X linked infantile spinal muscular atrophy XL-SMA is characterized by congenital hypotonia and areflexia an evidence of degeneration and loss of anterior horn cells (i.e., lower motor neurons) in the spinal cord and brain stem. Life span is shortened because of progressive ventilatory insufficiency resulting from chest muscle involvement. Diagnosis of XL-SMA is based on clinical findings – evidence of degeneration and loss of anterior horn cells (lower motor neurons) in the spinal cord; normal SMN1 molecular genetic testing; and family history consistent with X-linked inheritance. UBA1 is the only gene currently known to be associated with XL-SMA. Carrier females have a 50% chance of transmitting the disease-causing mutation with each pregnancy. Males who inherit the mutation will be affected; females who inherit the mutation will be carriers and will usually not be affected. Affected males do not reproduce. Carrier testing for family members at risk and prenatal testing for at-risk pregnancies are available if the UBA1 mutation has been identified in the family. http://www.ncbi.nlm.nih.gov/books/NBK2594/
Danleywolfe (talk) 18:02, 27 November 2014 (UTC)[reply]
@Danleywolfe: Sorry you seem to be confusing different X-linked disorders. The X-linked SMA associated with UBA1 is called X-linked spinal muscular atrophy type 2 (SMAX2) or arthrogryposis multiplex congenita – X-linked type 1 (AMCX1). This article is about SMAX1, or SBMA. OMIM is a good place to look as it keeps things up to date. Besides, if you need a MEDRS for SBMA being called XL-SMA, see here [1].
I am not sure about your suggestion of replacing spinal and bulbar muscular atrophy with Kennedy's disease. We need to use WP:COMMONNAME. Google results are similar for both terms, but PubMed lists 396 publications with "spinal and bulbar muscular atrophy" in title [2] against only 192 for "Kennedy's disease" in title [3]. Additionally, there are 101 results for "spinobulbar muscular atrophy" and 48 for "bulbospinal muscular atrophy". Considering both terms equal, I am tempted to leave it the way it is.
By the way, would you be able to WP:INDENT replies in the discussion? Thanks! kashmiri TALK 02:18, 24 October 2015 (UTC)[reply]

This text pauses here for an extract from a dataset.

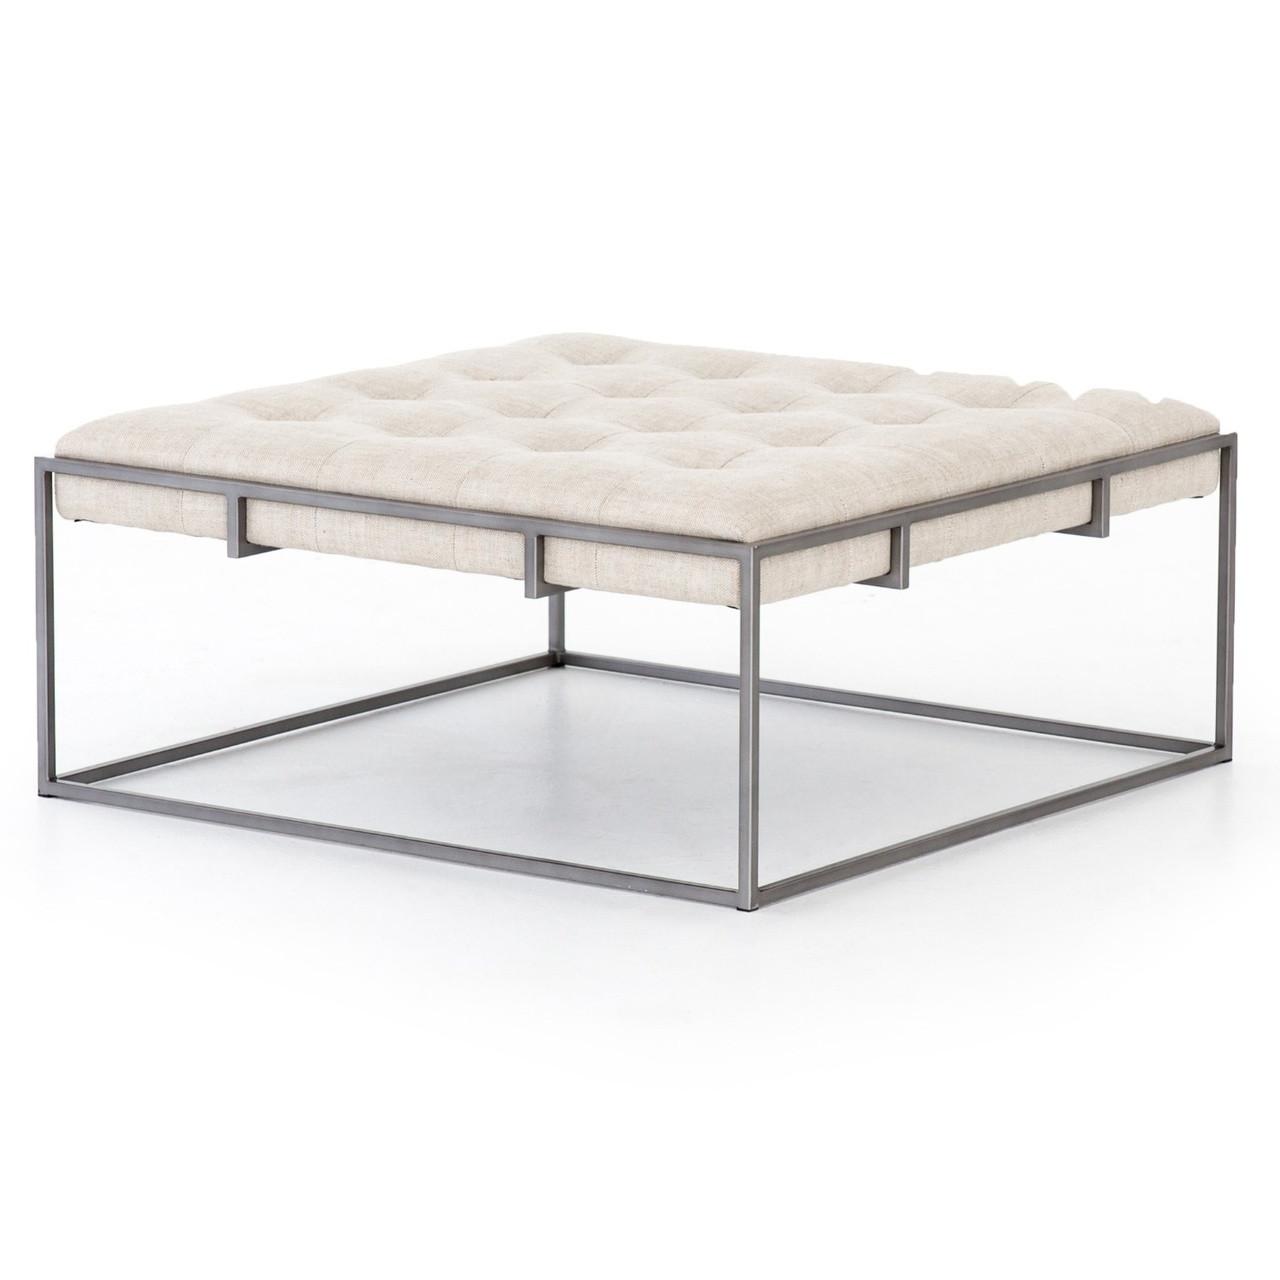 Peachy Oxford Tufted Linen Square Ottoman Coffee Table 36 Machost Co Dining Chair Design Ideas Machostcouk

Substantial revision of SBMA page[edit]

The current article has a C quality rating and has multiple issues.

  1. Poor organization -- some major heading cover major sections, other major headings cover only one sentence.
  2. Some of the information on the page is not accurate. (Babinski response, diagnositic method)
  3. Major focus on clinical trials that were not successful.
  4. Limited description of natural history of SBMA or symptoms of concern to SBMA patients.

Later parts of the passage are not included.